Cyclin B1/Cdk1 coordinates mitochondrial respiration for Cell-Cycle G2/M progression

Zhaoqing Wang, Ming Fan, Demet Candas, Tie Qiao Zhang, Lili Qin, Angela Eldridge, Sebastian Wachsmann-Hogiu, Kazi M. Ahmed, Brett A. Chromy, Danupon Nantajit, Nadire Duru, Fuchu He, Min Chen, Toren Finkel, Lee S. Weinstein, Jian Jian Li

Research output: Contribution to journalArticlepeer-review

163 Scopus citations

Abstract

A substantial amount of mitochondrial energy is required for cell-cycle progression. The mechanisms underlying the coordination of the mitochondrial respiration with cell-cycle progression, especially the G2/M transition, remain to be elucidated. Here, we show that a fraction of cyclin B1/Cdk1 proteins localizes to the matrix of mitochondria and phosphorylates a cluster of mitochondrial proteins, including the complex I (CI) subunits in the respiratory chain.

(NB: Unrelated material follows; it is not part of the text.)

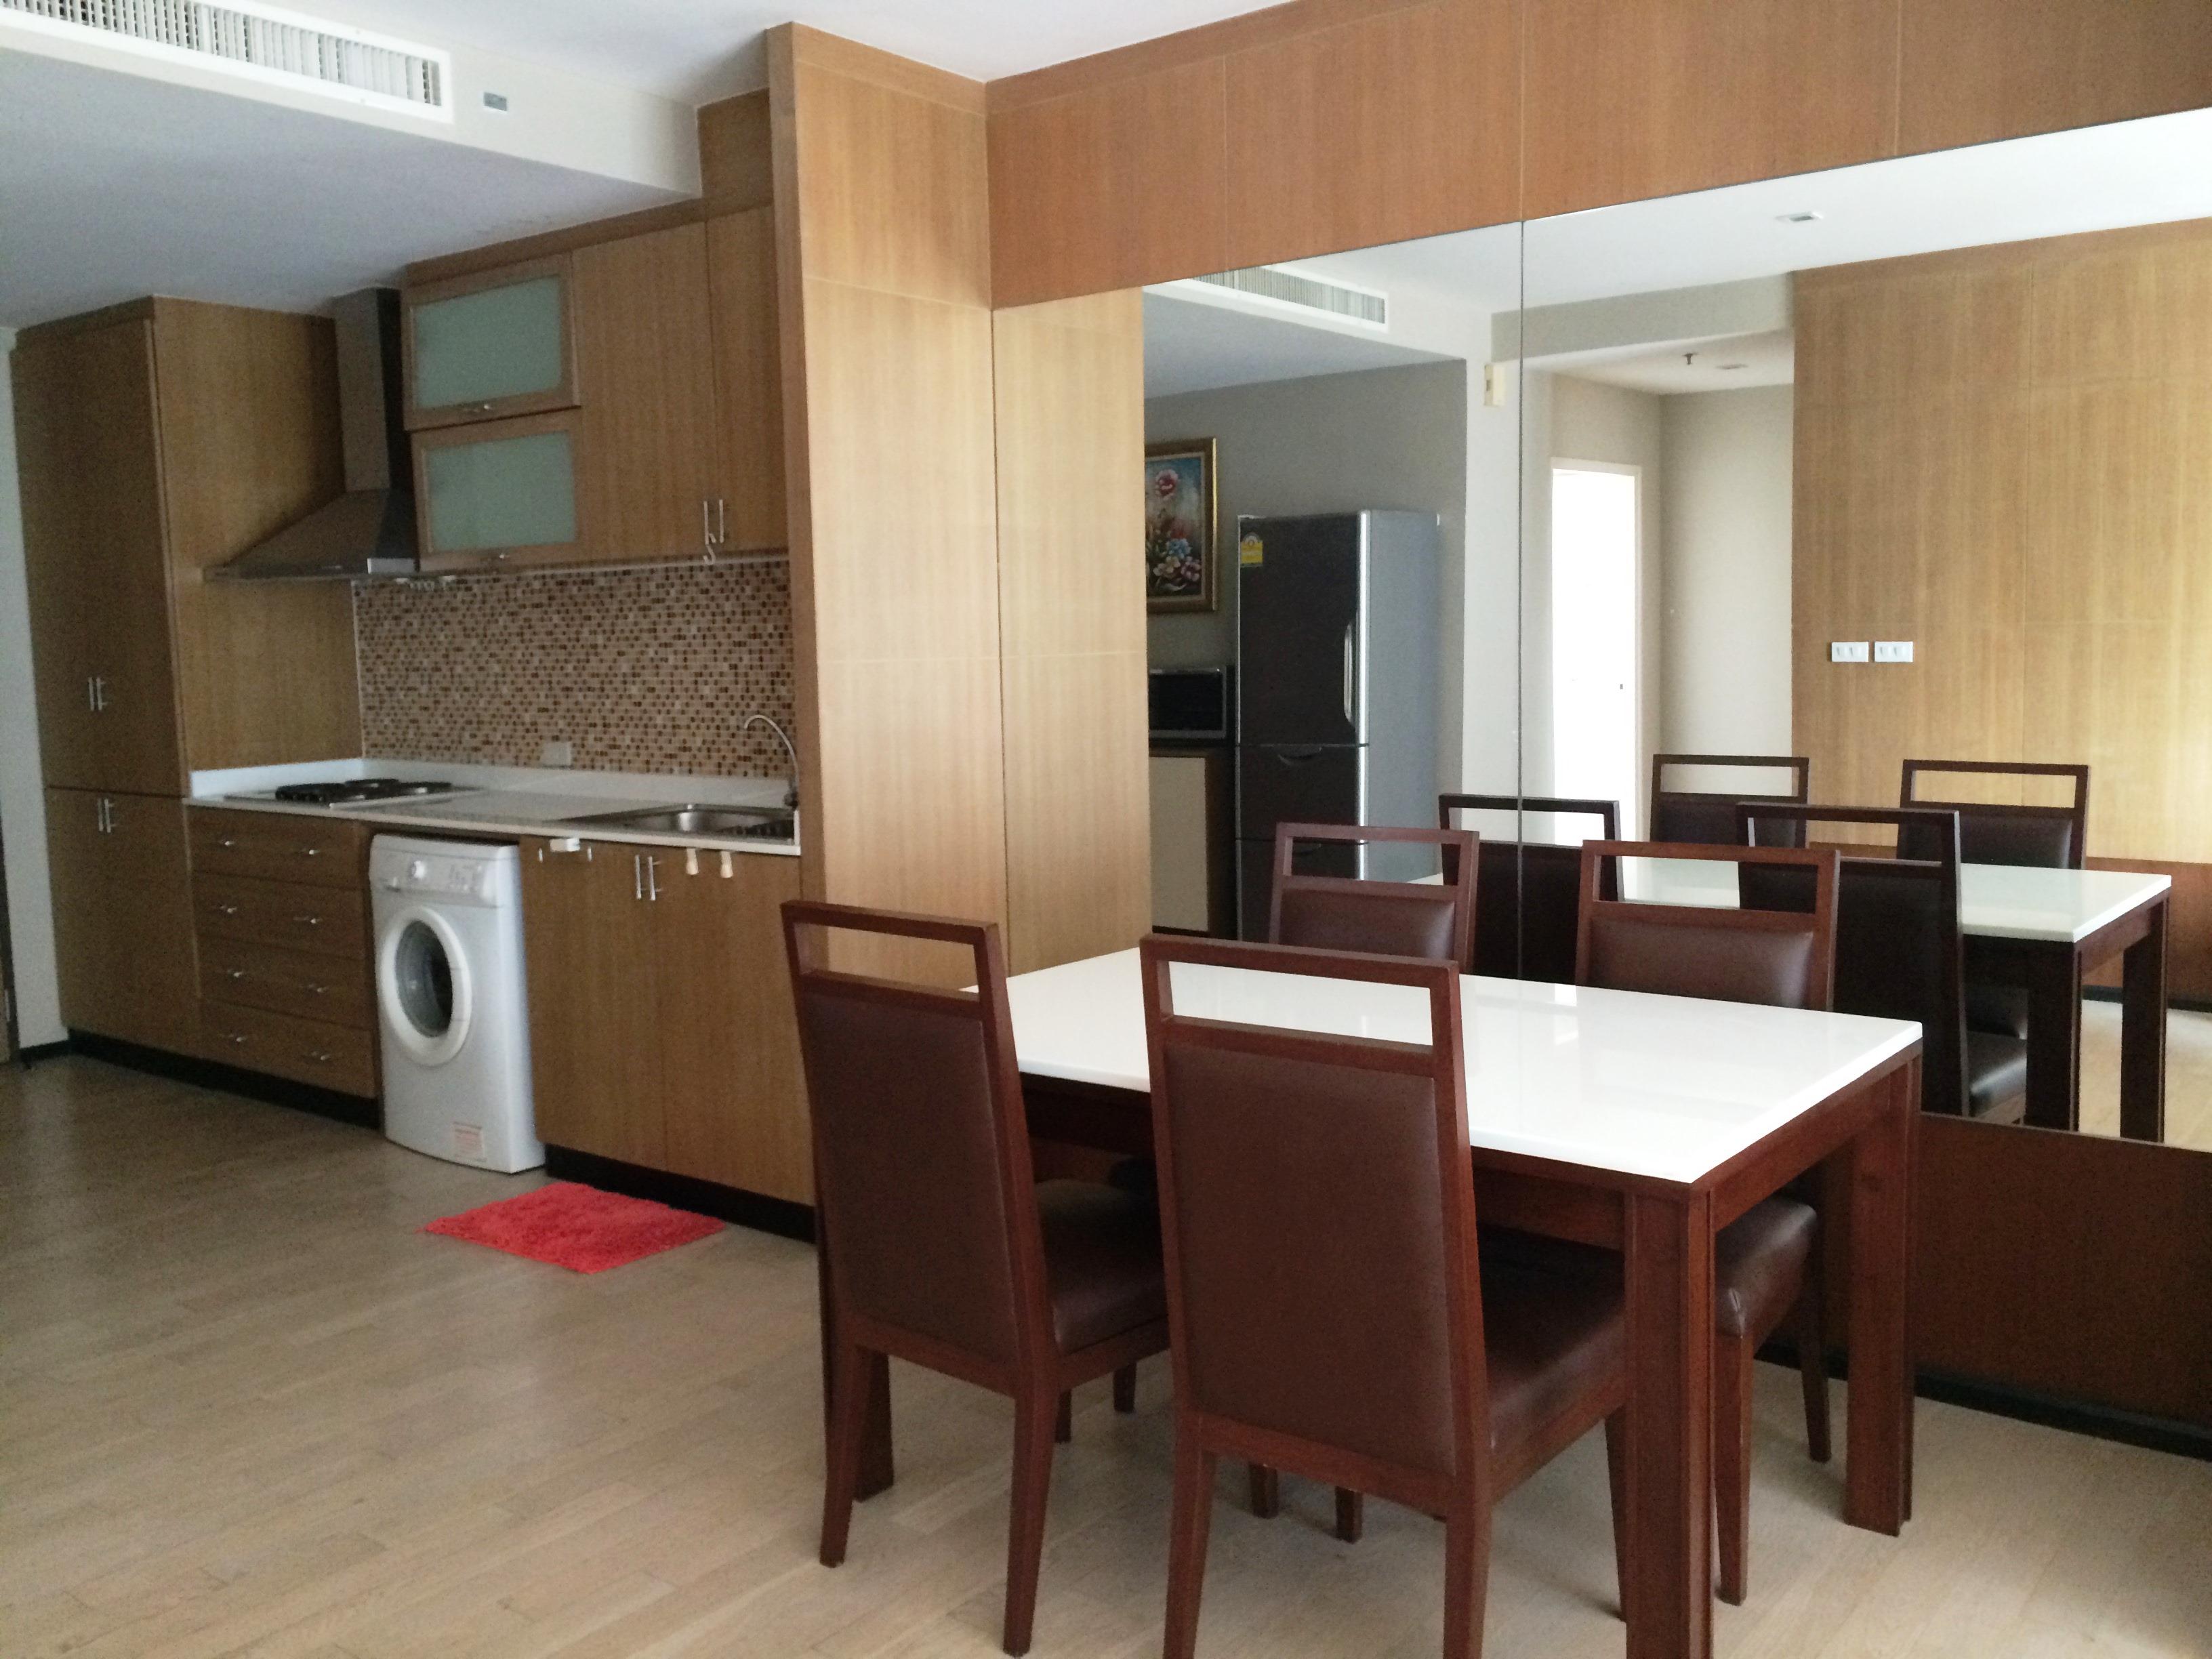 RE/MAX Properties Agency's Noble Remix, 2B/2B, High floor, BTS Thong Lo - sky walk access 6

Cyclin B1/Cdk1-mediated CI phosphorylation enhances CI activity, whereas deficiency of such phosphorylation in each of the relevant CI subunits results in impairment of CI function. Mitochondria-targeted cyclin B1/Cdk1 increases mitochondrial respiration with enhanced oxygen consumption and ATP generation, which provides cells with efficient bioenergy for G2/M transition and shortens overall cell-cycle time. Thus, cyclin B1/Cdk1-mediated phosphorylation of mitochondrial substrates allows cells to sense and respond to increased energy demand for G2/M transition and, subsequently, to upregulate mitochondrial respiration for successful cell-cycle progression.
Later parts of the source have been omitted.